── Available data ──

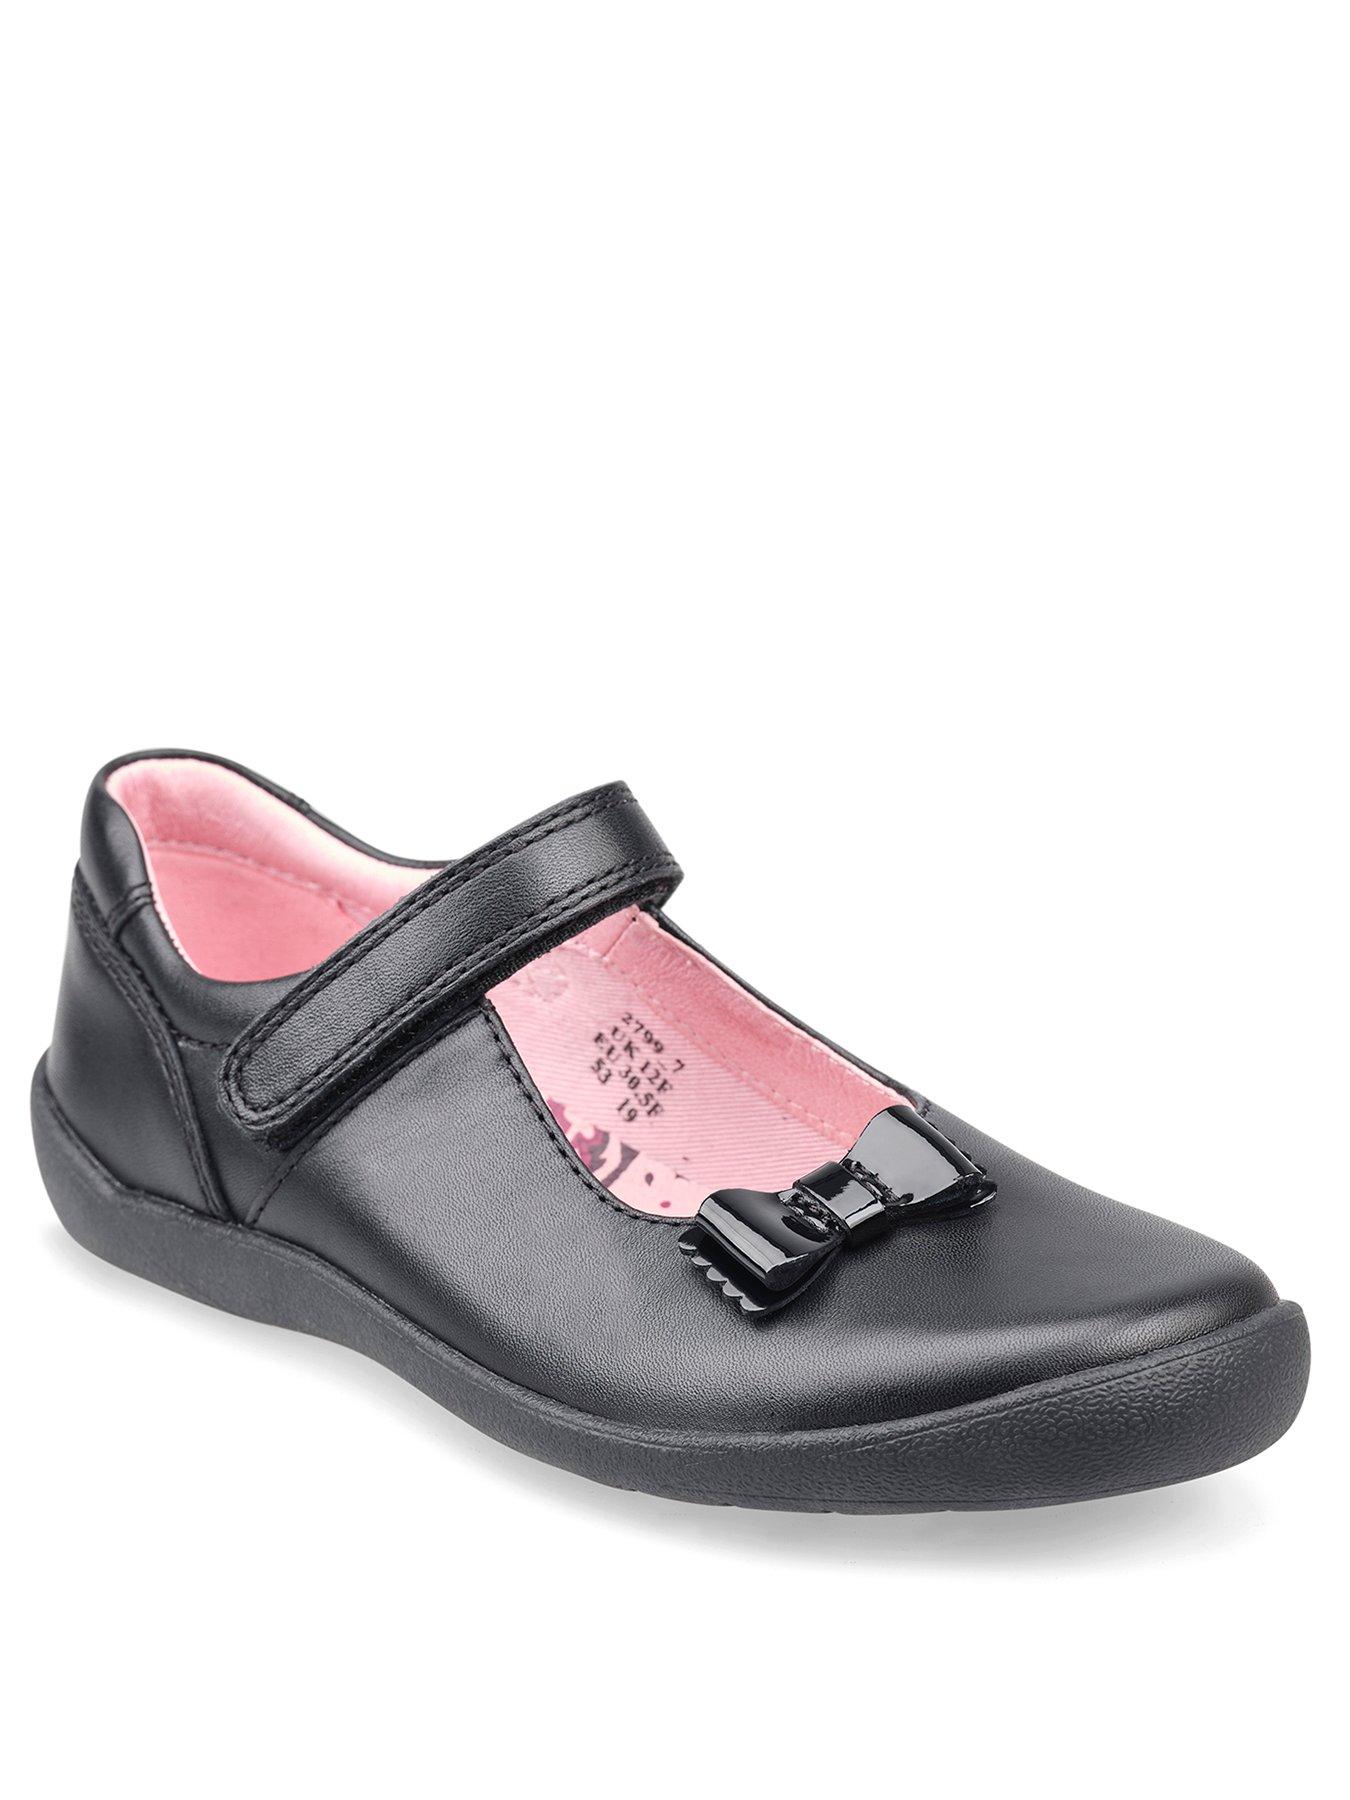 narrow girls school shoes
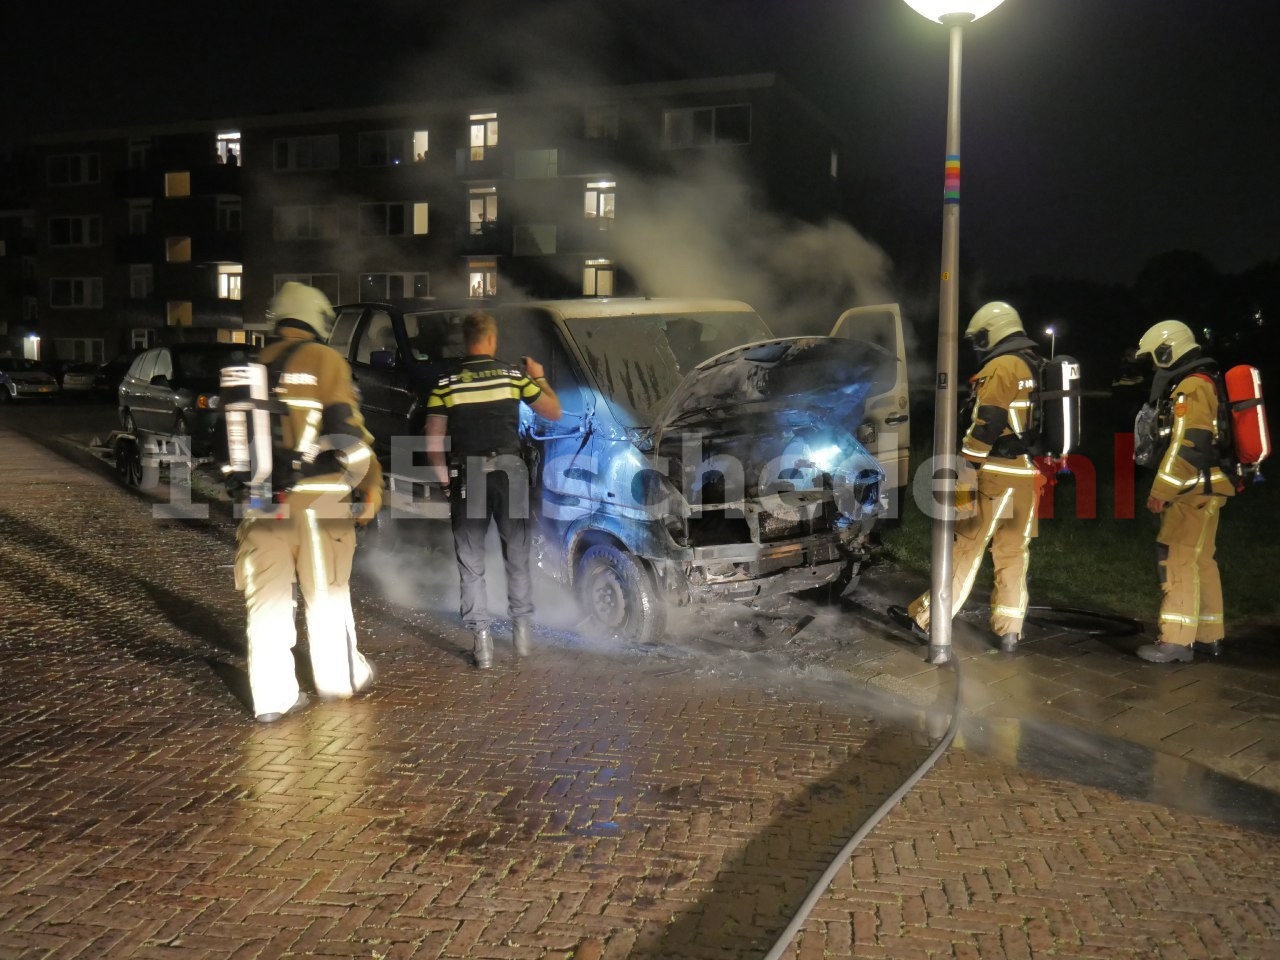 Autoambulance verwoest door brand in Enschede, politie doet onderzoek
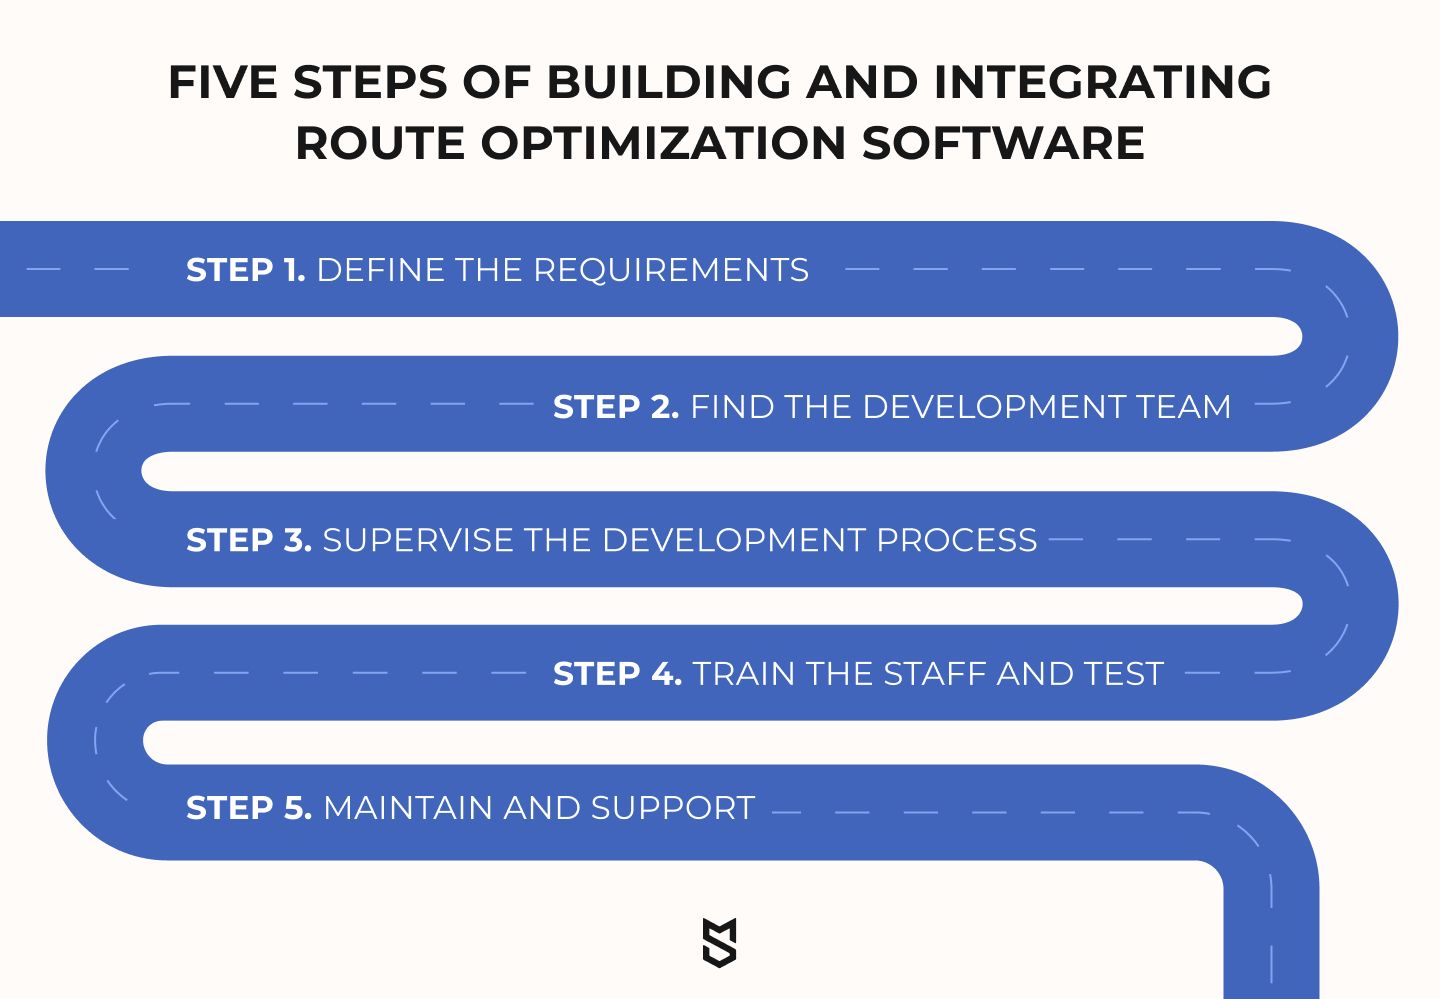 경로 최적화 소프트웨어 구축 및 통합의 5단계
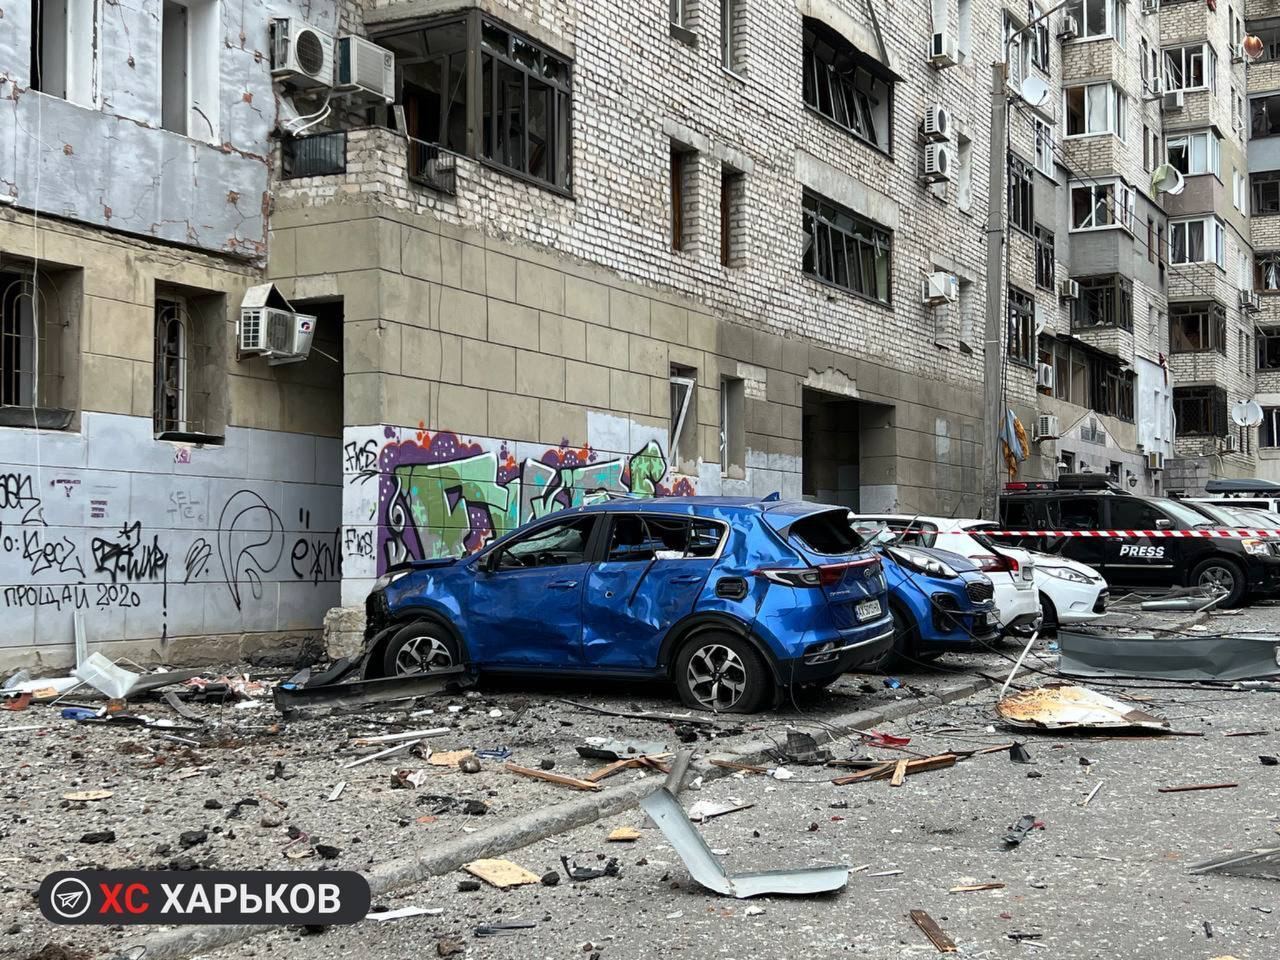 Zdjęcia i wideo po ostrzale budynków w centrum Charkowa

───

■ Exercise requirements:
Your copy should match the data exactly, apart from the images, which are dropped.

■ Task output:
 narrow girls school shoes
 Autoambulance verwoest door brand in Enschede, politie doet onderzoek
 경로 최적화 소프트웨어 구축 및 통합의 5단계
 Zdjęcia i wideo po ostrzale budynków w centrum Charkowa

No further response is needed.